This weeks yoga story is about Anna Guest-Jelley, a curvy woman who practices and teaches yoga in Nashville, Tennessee.
My dad is a writer, and he and I have always connected through the written word. Soaking up books like sponges--especially on beach vacations. Penning a hilarious yet informative end-of-year newsletter. Expressing something poignant when needed.
I followed in my dad’s footsteps and got a degree in English, and then another. There was a time when I loved creative writing: I wrote poems and free-form stories. I imagined myself holed up in a writers’ colony, working away in my solitary cabin.
Somewhere along the way, though, writing became only practical to me. I could express myself well in reports and produce compelling marketing. As I started doing this more and more, I began identifying with it. I saw myself as someone who could get * important * points * across. Who was alternately serious, warm, convincing, or thoughtful, depending on the subject and task at hand.
The more I did this, though, the more I forgot about my other writing loves. The more I started saying things like “Oh, I’m not a creative writer” with a sneer of disdain. I didn’t so much look down on people with those skills as dismiss the fact that anyone could ever associate me with it. That wasn’t my thing. That wasn’t me.
It’s interesting now to look back on this arc of my so-far writing life. This move toward “serious” writing coincided with a marked hardness in my life--to always focusing on moving up in my career, to not bothering with things like emotions, to trying to hate my body into thin submission.
The yoga mat is where all this started to fall apart--in the best of ways (although it didn’t always feel that way). After years of straining through classes and forcing myself to do a posture in the exact way the teacher instructed because I couldn’t imagine any other option, I took another look at my practice. And after nearly fifteen years of dieting and the inherent struggles associated with the fluctuations between binging and restricting, I was questioning whether or not there was a better way. Whether maybe, just maybe, the stories I’d invented about myself were just that--tales spun out of insecurity and a desire to guard myself: “not a creative writer,” “too curvy for yoga,” “not good enough until I reach x pounds.”

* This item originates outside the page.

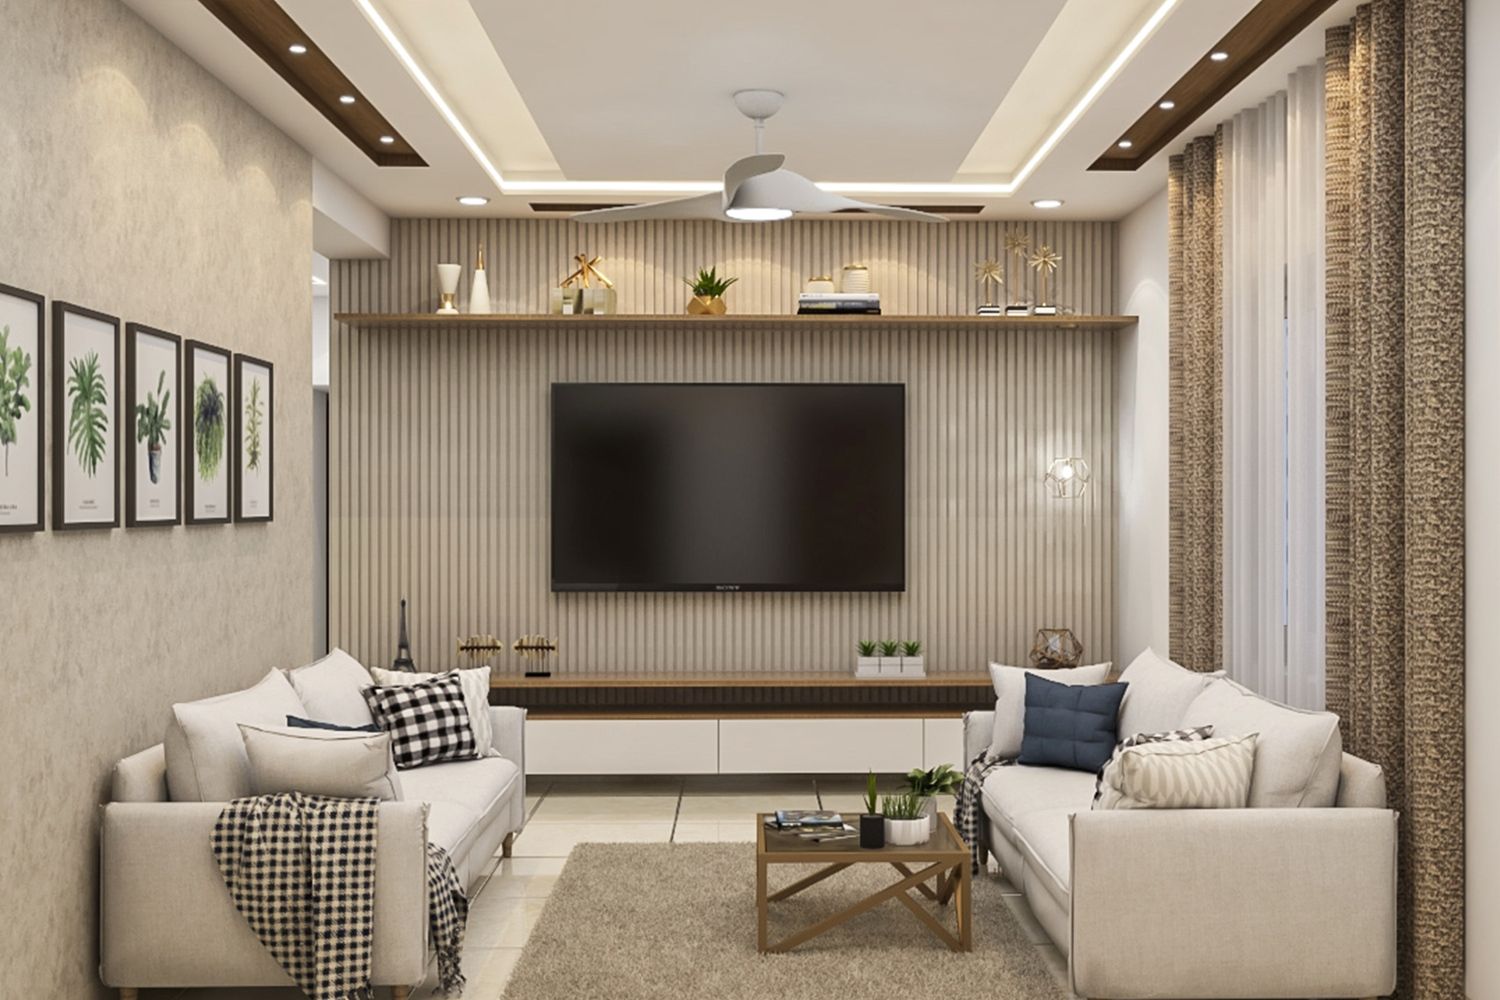 Modern Living Room Design With White Sofa And Beige-Toned TV Wall Panel

This began an exquisite journey for me--one I’m very much still on. What I’ve found is that the more I open to my body, just as it is today (which is a harder reality to face than I would have initially thought), the more I see some things that surprise--and delight--me. That I have a husband who loves me for me. That my life is full of interesting and loving friends, colleagues and family. That my yoga practice is beautiful, even if it’s not what you’ll see in the latest copy of Cosmo. That I am a writer, and that creativity takes many different forms.
I’ve learned to breathe into the curves--of my writing, my body and my life. Whether lying in Savasana or typing at my computer, I’m seeing what fresh joys arise--even if they manifest as pain or grief or doubt. Because what I’ve found for me, and now my yoga students, is that we all want to connect with our bodies and hopes, regardless of our size. And that is certainly something worth claiming.